Figure 40: Comparing wind measurements: As part of the working being done to calibrate and validate measurements from ESA's Aeolus wind satellite, scientists have been taking similar measurements from an aircraft carrying an airborne version of the satellite instrument. instrument. The pilot flies the plane under the satellite as it orbits above so that measurements of wind can be compared (image credit: ESA/DLR)
• February 7, 2019: Following the launch of Aeolus on 22 August 2018, scientists have been busy fine-tuning and calibrating this latest Earth Explorer satellite. Aeolus carries a revolutionary instrument, which comprises a powerful laser, a large telescope and a very sensitive receiver. It works by emitting short, powerful pulses –50 pulses per second –of ultraviolet light from a laser down into the atmosphere. The instrument then measures the backscattered signals from air molecules, dust particles and water droplets to provide vertical profiles that show the speed of the world's winds in the lowermost 30 km of the atmosphere.

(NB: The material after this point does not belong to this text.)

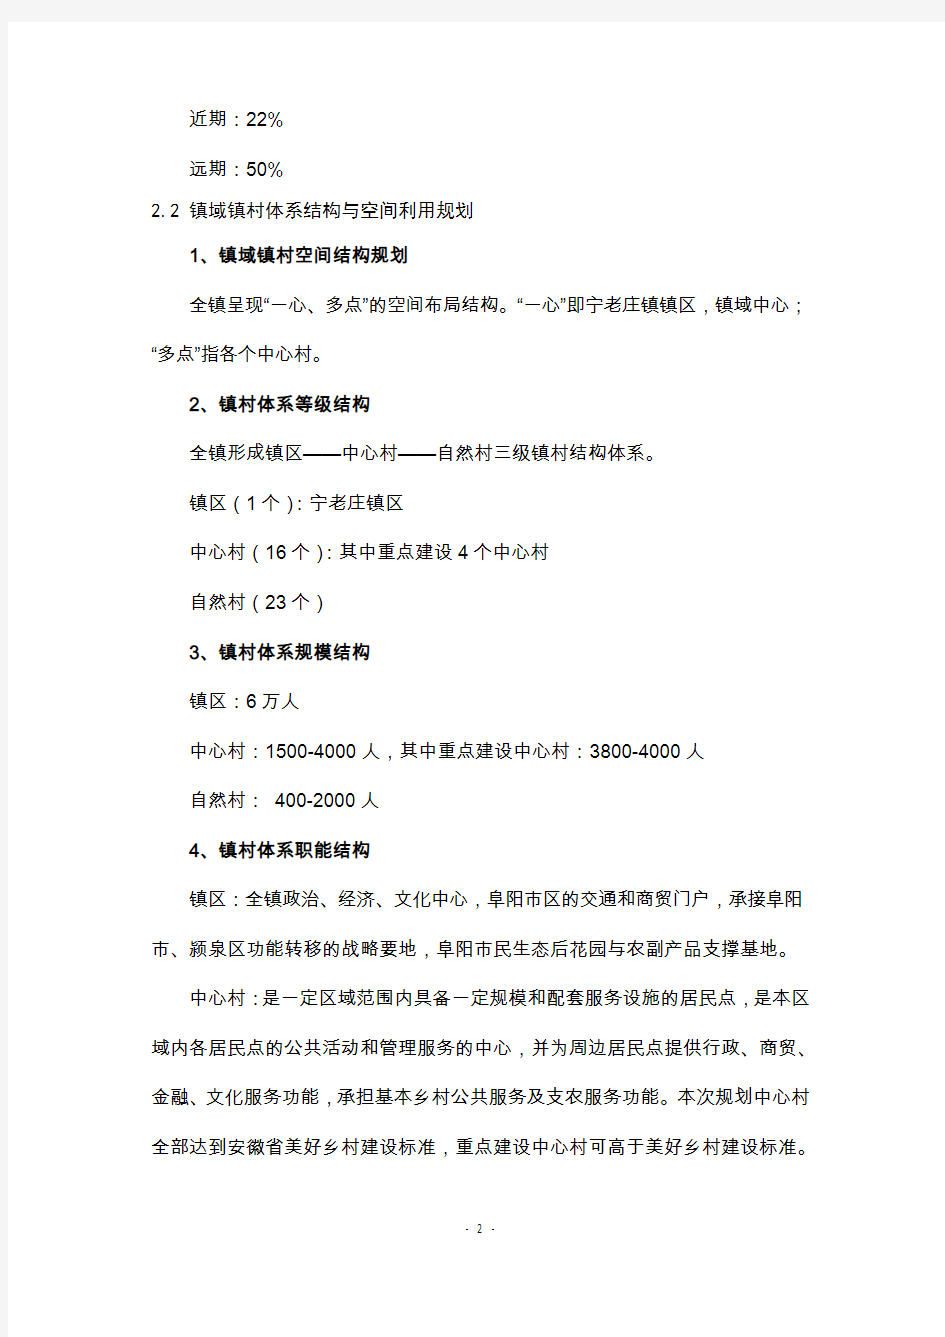 《阜阳市宁老庄镇总体规划(2013—2030)》主要内容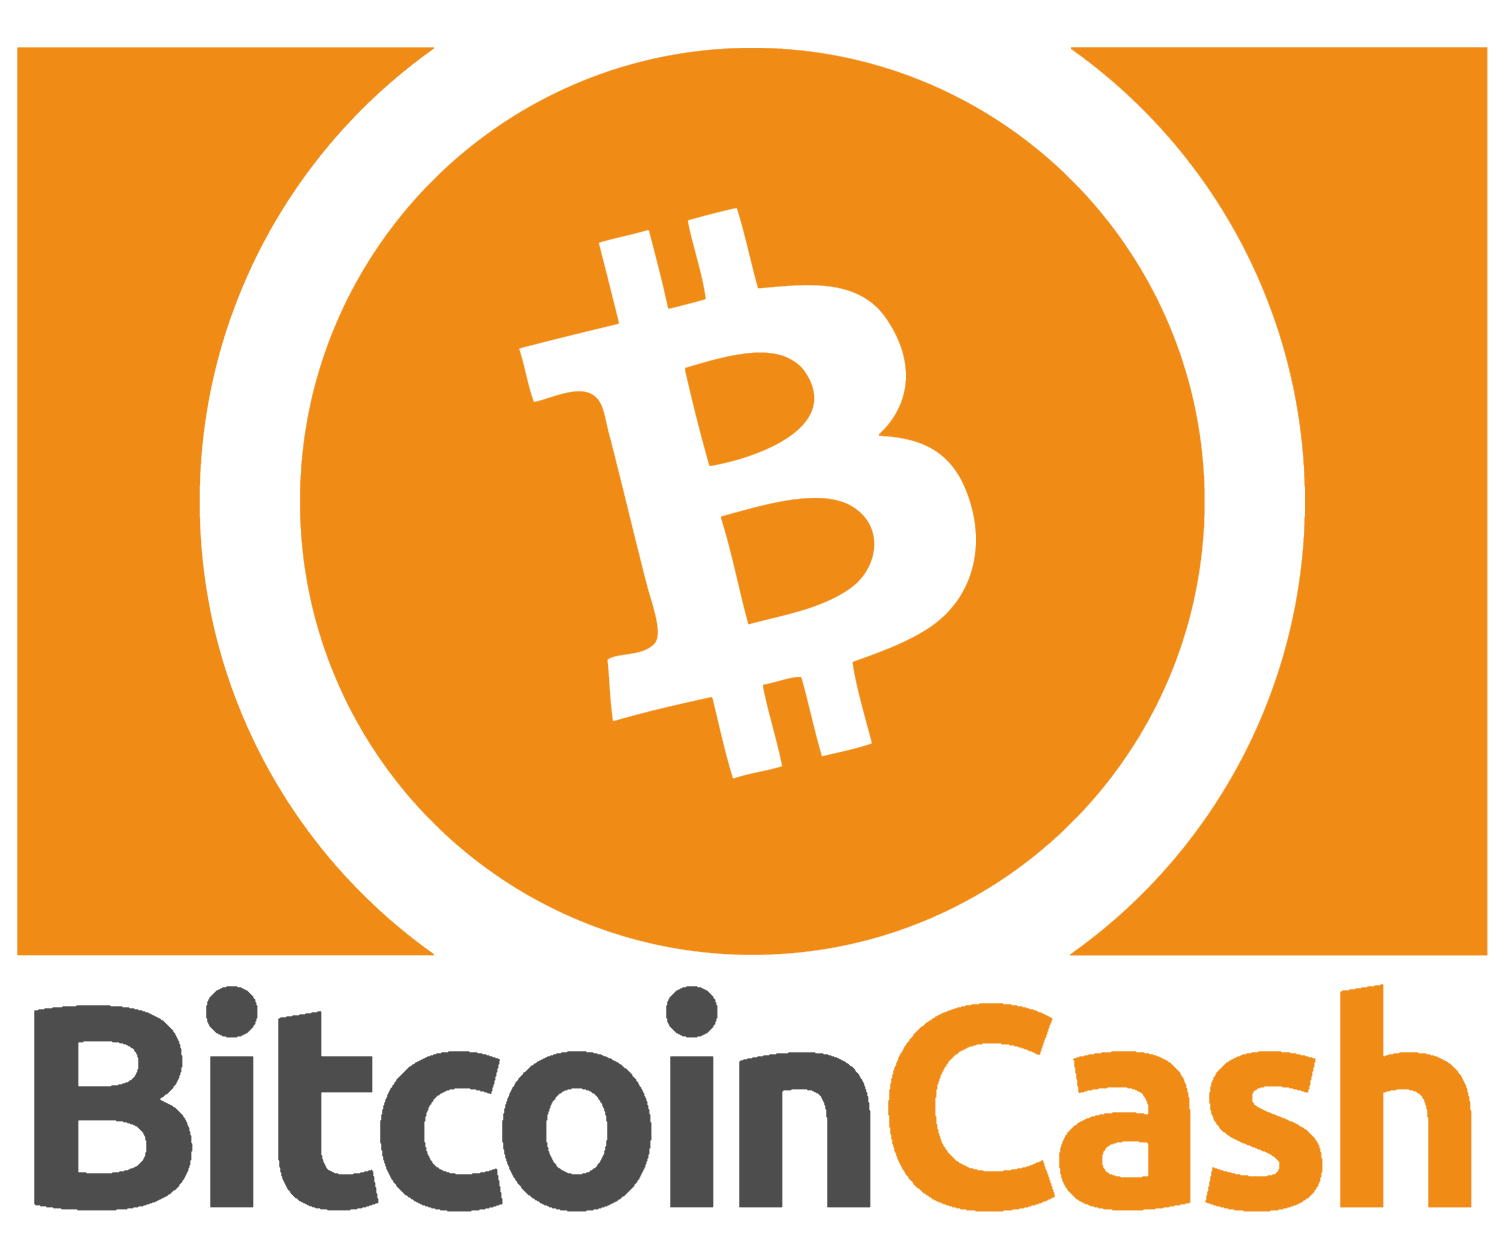 0.0005765 bitcoin cash

These measurements are needed to improve weather forecasts. As part of the working being done to calibrate this novel mission, scientists have been taking similar measurements from an aircraft carrying an airborne version of Aeolus' instrument. The pilot flies the plane under the satellite as it orbits above so that measurements of wind can be compared. 47)
Figure 41: Flying under Aeolus (video credit: ESA)
• September 12, 2018: Just one week after ESA's Aeolus satellite shone a light on our atmosphere and returned a taster of what's in store, this ground-breaking mission has again exceeded all expectations by delivering its first data on wind – a truly remarkable feat so early in its life in space. 48)
- Florence Rabier, Director General of the ECMWF (European Centre for Medium-Range Weather Forecasts), said, "We always knew that Aeolus would be an exceptional mission, but these first results have really impressed us. The satellite hasn't even been in orbit a month yet, but the results so far look extremely promising, far better than anyone expected at this early stage. We are very proud to be part of the mission. Aeolus looks set to provide some of the most substantial improvements to our weather forecasts that we've seen over the past decade."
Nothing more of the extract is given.